Seleção dos poemas, frases e mensagens mais populares de joanazdemelo

Ao lado do silêncio

 
estou no dia de hoje
como numa poesia,
não tolero discordâncias,
as minhas reposições
de suor cabem em poucos
argumentos,
só mesmo nas
frases curtas do desinteresse,....

a poesia abraçou-me
porque sim,
não encontro
outra explicação que
não a básica,
a que não faz pensar,...

não sou pessoa
que se vista para equivocar,
muito menos para
alumiar essa noite de
que tanto me falas,...

sou o que escrevo,
mas não escrevo tudo
aquilo que sou,
deixo-me arrastar
para que a poesia
faça de mim o que quer,....

e pronto,
acredito só em metade
do que me dizem,
devido a uma incredulidade
doentia
 
Ao lado do silêncio

Pratos de comida vazios

 
Em segundo ficavam sempre os pratos de comida vazios,
Depois da noite,...

Quando na casa nos restávamos à boçalidade e aos risos engaiolados,
Abriamos hostilidades pensando em livros de poesia,...

Digladiando etilismos,
E síndromes de Estocolmo desenhados nas paredes,
Percebiamos que um bom verso suja as casas,
Anula a harmonia falsa recontada todos os dias,...

Os pratos de comida vazios vinham depois,
Rendidos aos poemas recortados,
Adormeciamos infantilizados num beijo
 
Pratos de comida vazios

Ilusão sem nome

 
Muito para além do desespero,
Das notas de rodapé filósofadas,
Estamos anacrónicos em conjunto,
Em sintonia apenas com o vento,...

Fizeram de nós os planos excedentes de um filme de principiante,
Com laivos de teste inocente às provações humanas,...

Incapazes de resistir,
Aninhamo-nos perto de nós,
E vamos ficando até o tempo nos dissecar,
Deixando entranhas expostas pelo prazer simples de experimentar o mal,..
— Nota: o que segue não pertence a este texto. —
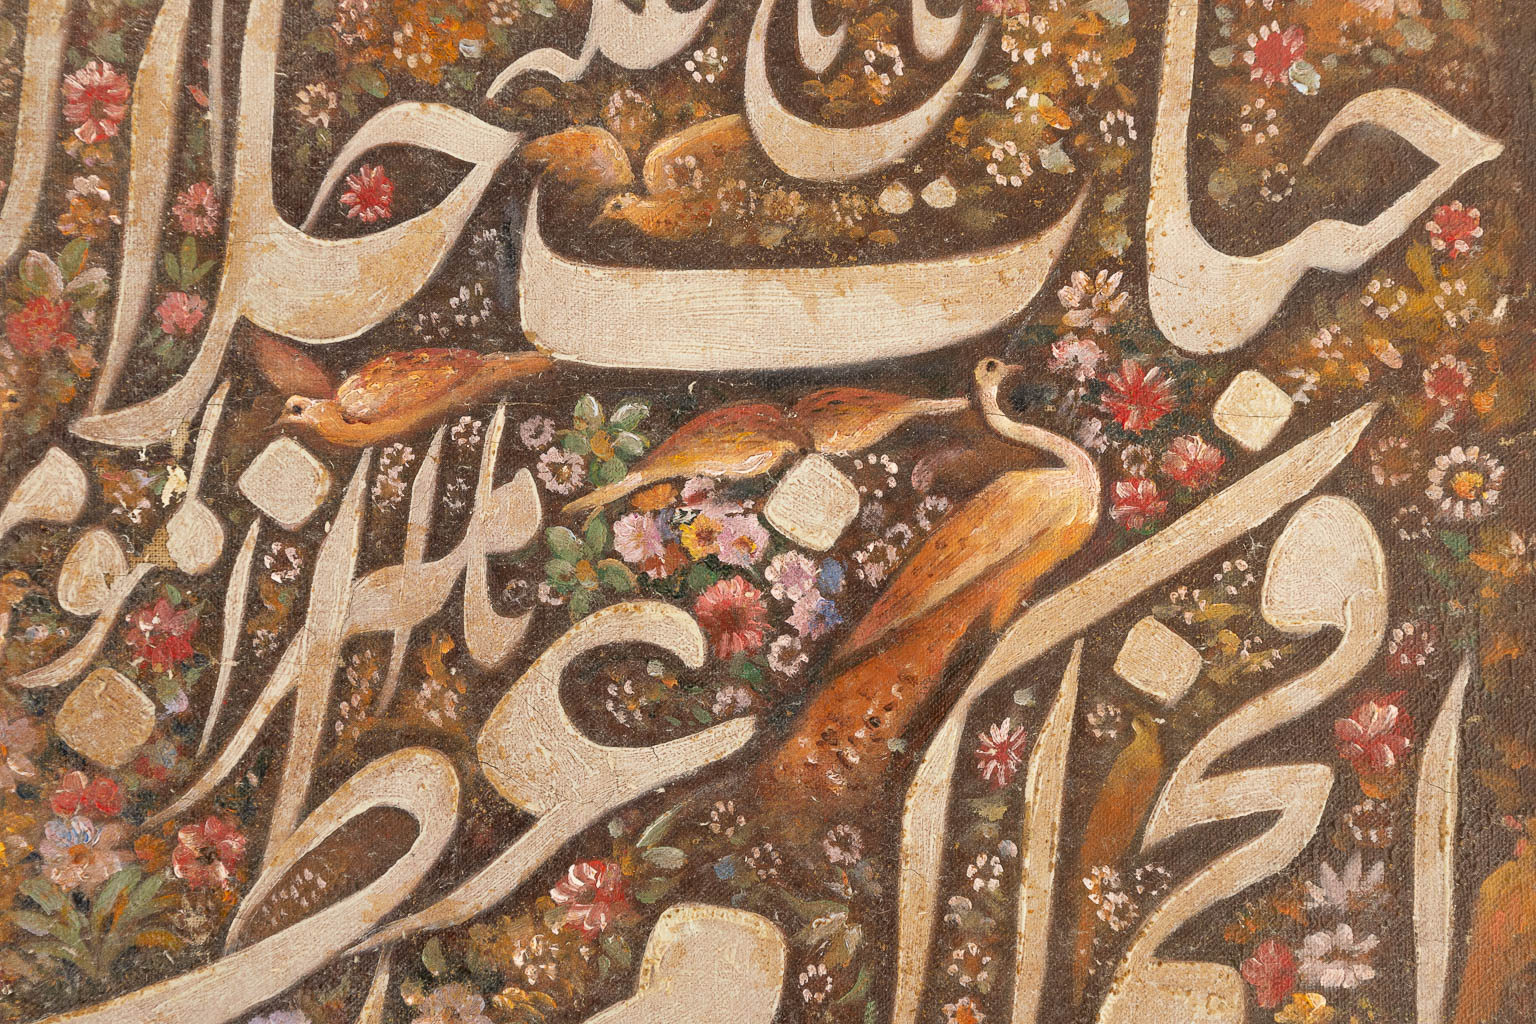 Naqash Bashi, Jalairi, A Persian calligraphic oil painting. Qajar era. (W:60 x H:34 cm)
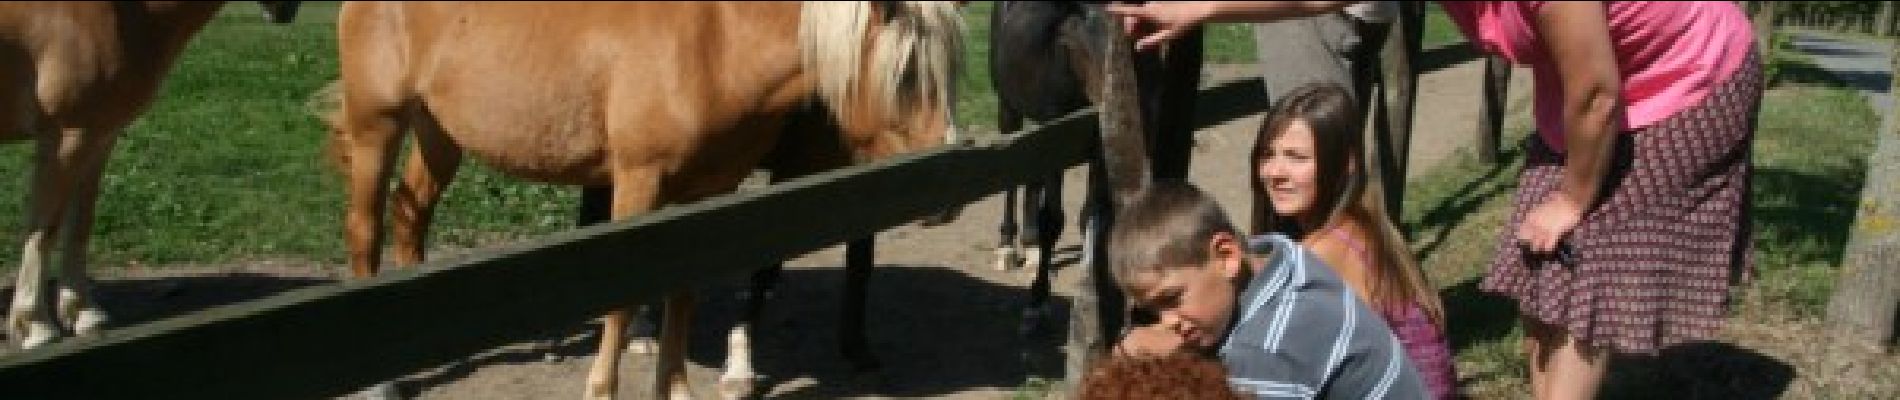 Punto di interesse Beauraing - Comogne horse-milking farm - Photo

Ao que soubermos resistir,
Virá uma luz que anula a frase,
Deixando a obrigação de repetir a provação
 
Ilusão sem nome

Dura lex

 
Sou um museu fechado aos ímpios,
Aos impuros,
Em mim só com livros sem uso,
De páginas a fio em branco por analfabetismo literal dos leitores,
Se pode entrar e ficar,...

Deixei-te pois à porta,
Com o argumento de que no país onde governo,
Cada dia é feriado para os ignotos,
Sempre que decido,
Por decreto assinado a lágrima sem cores
 
Dura lex

A carta

 
a letra pequena estava escrito
bom dia,
num ligeiro sublinhado irregular percebia-se a tremura da mão,
num canto do papel,
quase imperceptível,.
o que parecia ser uma lágrima
sublime,
quase envergonhada,
a pedir licença para existir,...

era um papel dobrado em quatro,
e guardado num sobrescrito azul muito desmaiado,
observei-o muito tempo,
seria da mais imensa solidão aquela prova que tremulamente segurava entre mãos,...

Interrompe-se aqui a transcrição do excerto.